One aspect that seems to be interesting to deal with is article 14 of the bill. Following the opinion of the State Council, the Parliamentary Committee adopted an important amendment to this text. Indeed, the text initially proposed prohibited categorically to the same operator to be part of more than one group of economic operators. The version proposed by the Parliamentary Committee foresees such a prohibition only if it is duly justified. It is doubtful that this new version complies with the opinion of the Competition Council , very reluctant in relation to the idea that an operator can be part of two or more groups of economic operators or that an operator simultaneously submits an offer in a personal capacity and form part of a group of economic operators.
In any event, economic operators are well advised to follow the recommendations of the Competition Council in order to avoid any procedure against them in the area of public procurement.
Given the divergent positions of the State Council and the Competition Council, the next discussions on the bill and the implementation of the new law can be followed with interest.
Loss of LNS monopoly in the field of pathological anatomy
In a judgment of 27 April 2017 the Administrative Tribunal (hereinafter « the Tribunal ») annulled a ministerial decision of 23 October 2015 rejecting the request of a Luxembourg laboratory aimed at obtaining an authorisation for the extension of its laboratory activities to the field of pathological anatomy.
The Minister having decided to refuse the joint-stock company after consulting a professor’s report and ignoring the favorable opinion of the Medical College and the Laboratory Advisory Board, did not see « any obligation or compelling reasons to create one or more new pathological anatomy laboratories ». Such an opening of the market would lead to competition between the different laboratories, which would no longer have the capacity and the means to provide reliable work.
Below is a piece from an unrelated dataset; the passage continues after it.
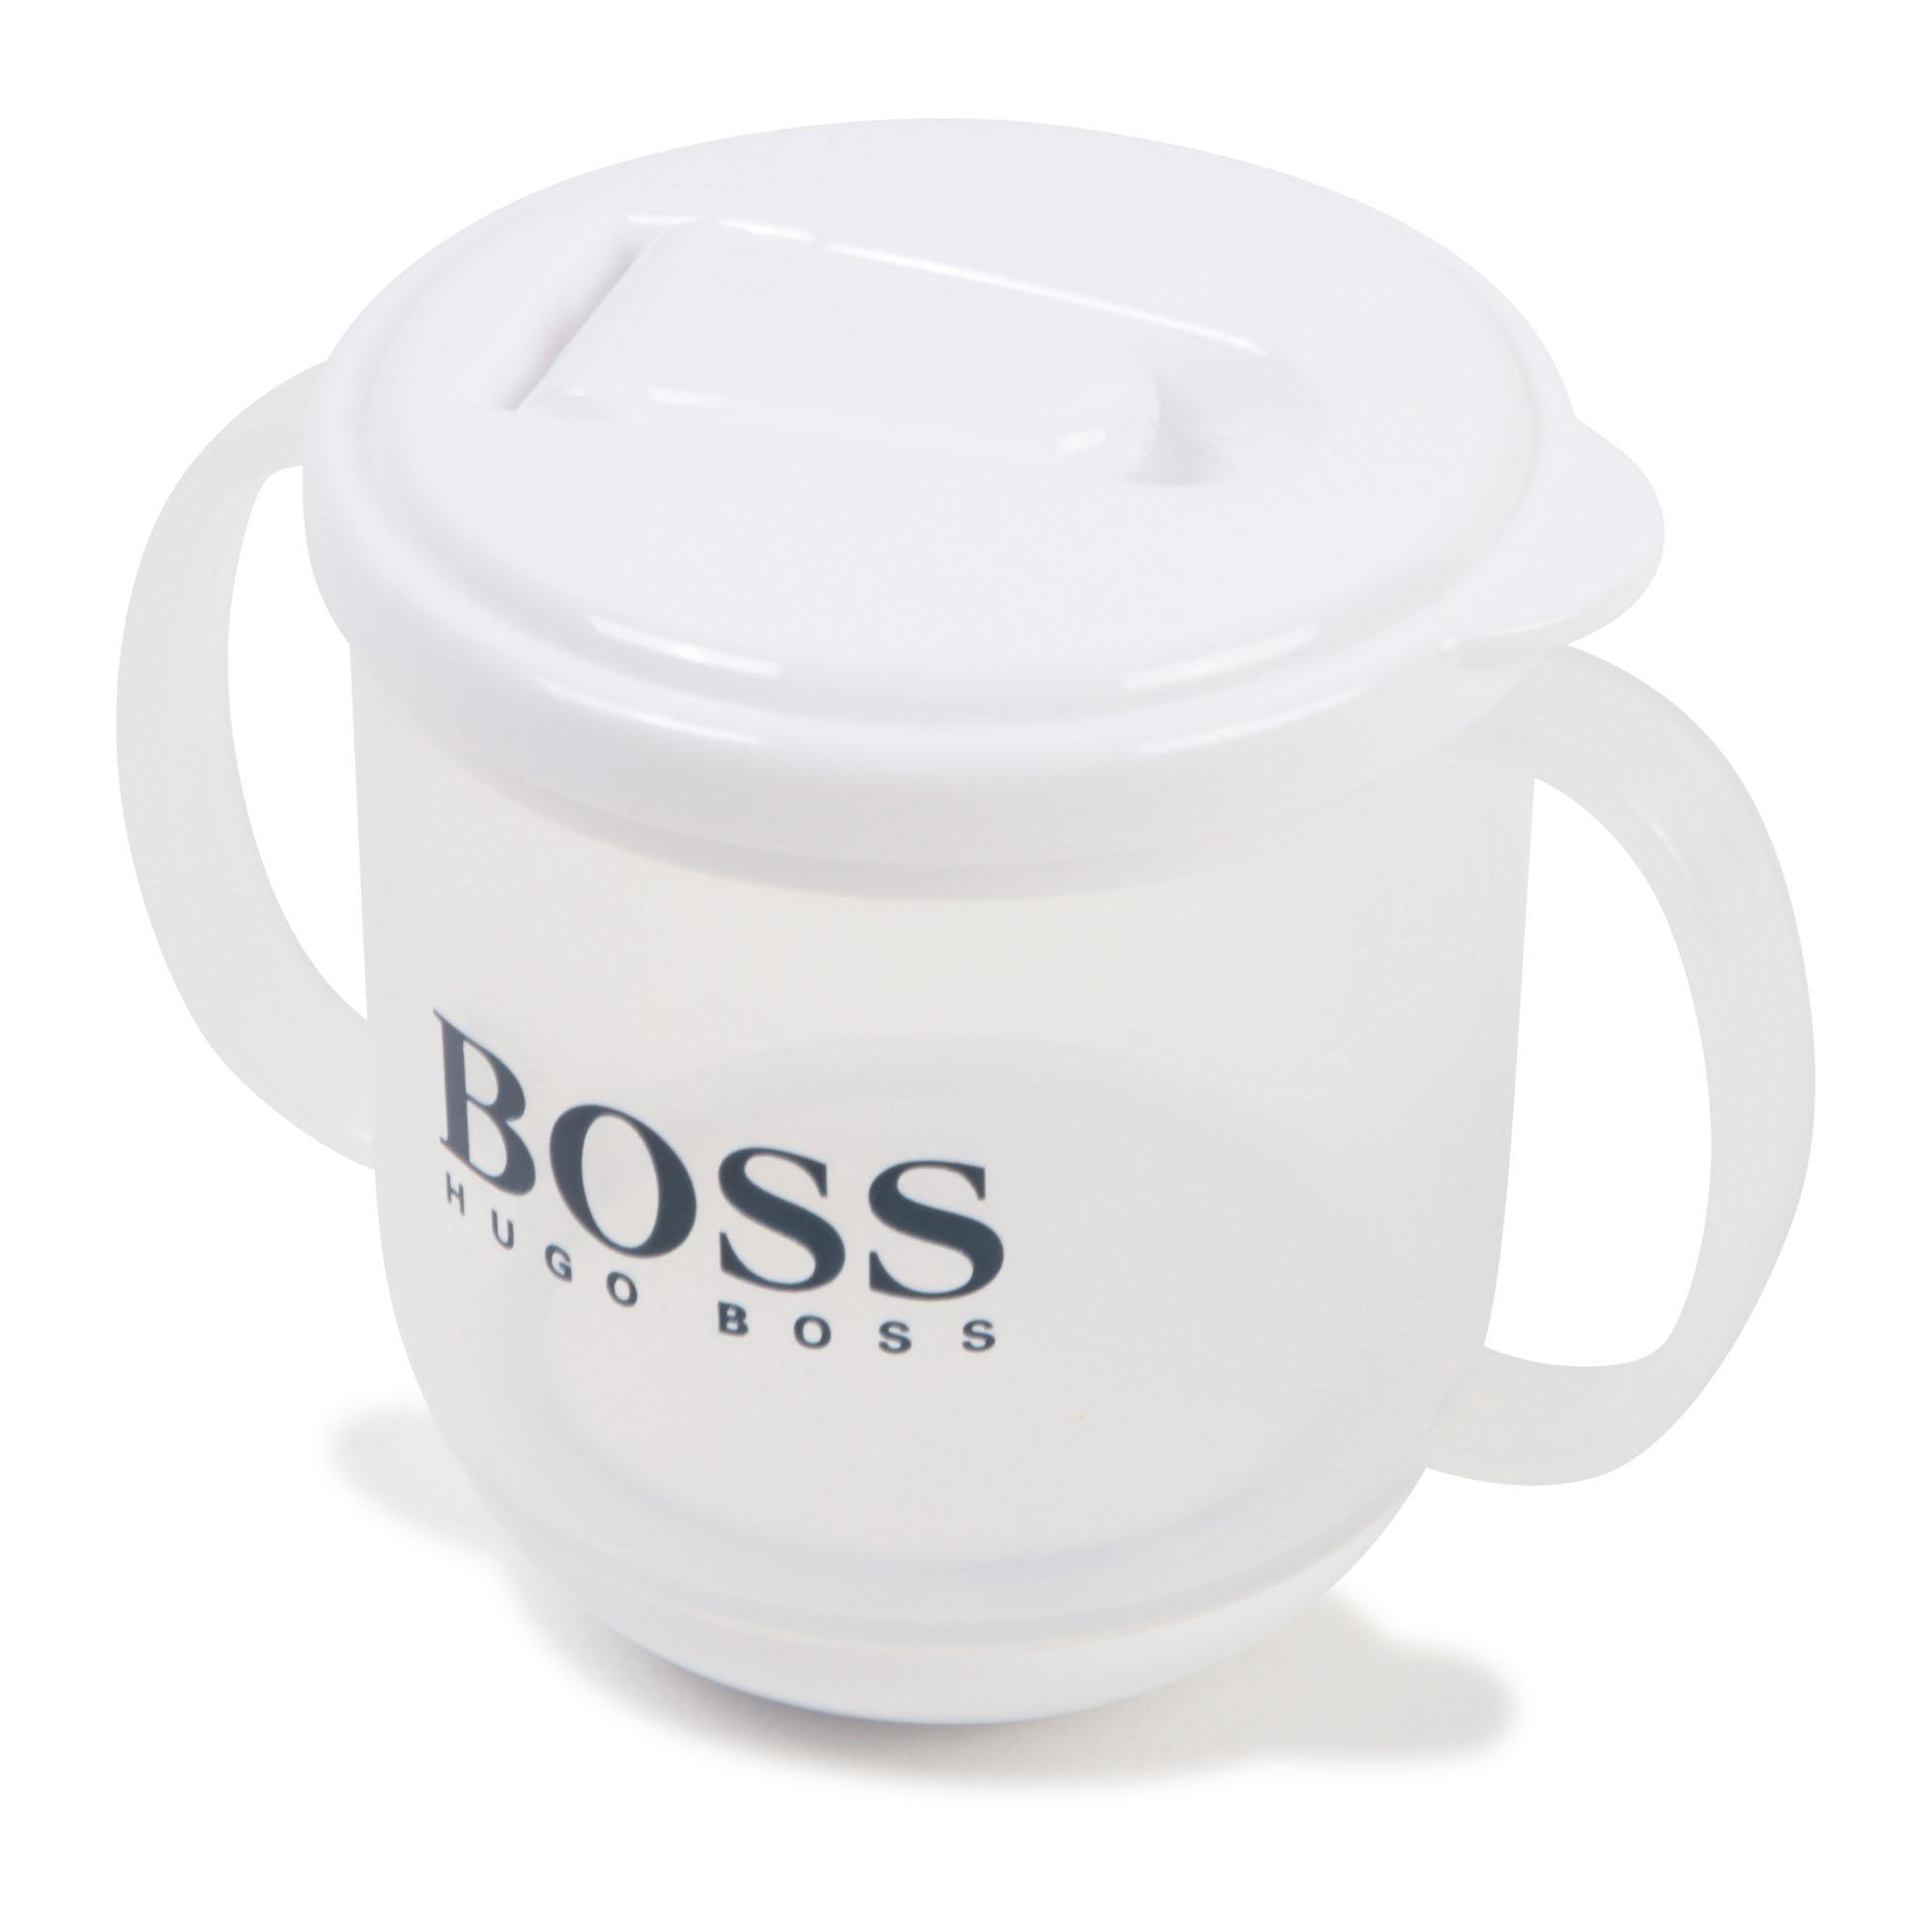 Hugo Boss baby cup - white

Thus, according to the Minister of Health, the principle of freedom to provide services does not apply to examinations of pathological anatomy.
Furthermore, the applicant has been criticised for failing to demonstrate that the other legal requirements for the overall activities of a medical analysis laboratory are satisfied.
According to Article 3 of the Law of 16 July 1984, the establishment of a new laboratory must correspond to a need at national, regional or local level and, in addition, several legal and regulatory requirements must be fulfilled so that an authorisation may be granted to a new laboratory on the territory of Luxembourg.
The Tribunal found that the Minister did not provide any evidence to support the view that the physician’s opinion would be more reliable or relevant than those of the Medical College and the Advisory Board. As to the reason for the Minister’s refusal, the Tribunal deduces that « the Minister was wrong to conclude that there was no national, regional or local need for the extension of the applicant’s activities to the field of pathological anatomy » knowing that at the moment the laboratories from outside the borders subcontract requests for analyses sent to the LNS (Laboratoire national de santé). The refusal sought to ensure the continuity of the State monopoly of the LNS.
As to the alleged failure to provide evidence that the laboratory meets the legal and regulatory requirements, the Tribunal finds that the applicant has carried out analyses in other areas for years and thus has all the necessary authorisations.
The State of the Grand Duchy of Luxembourg has now appealed in this case.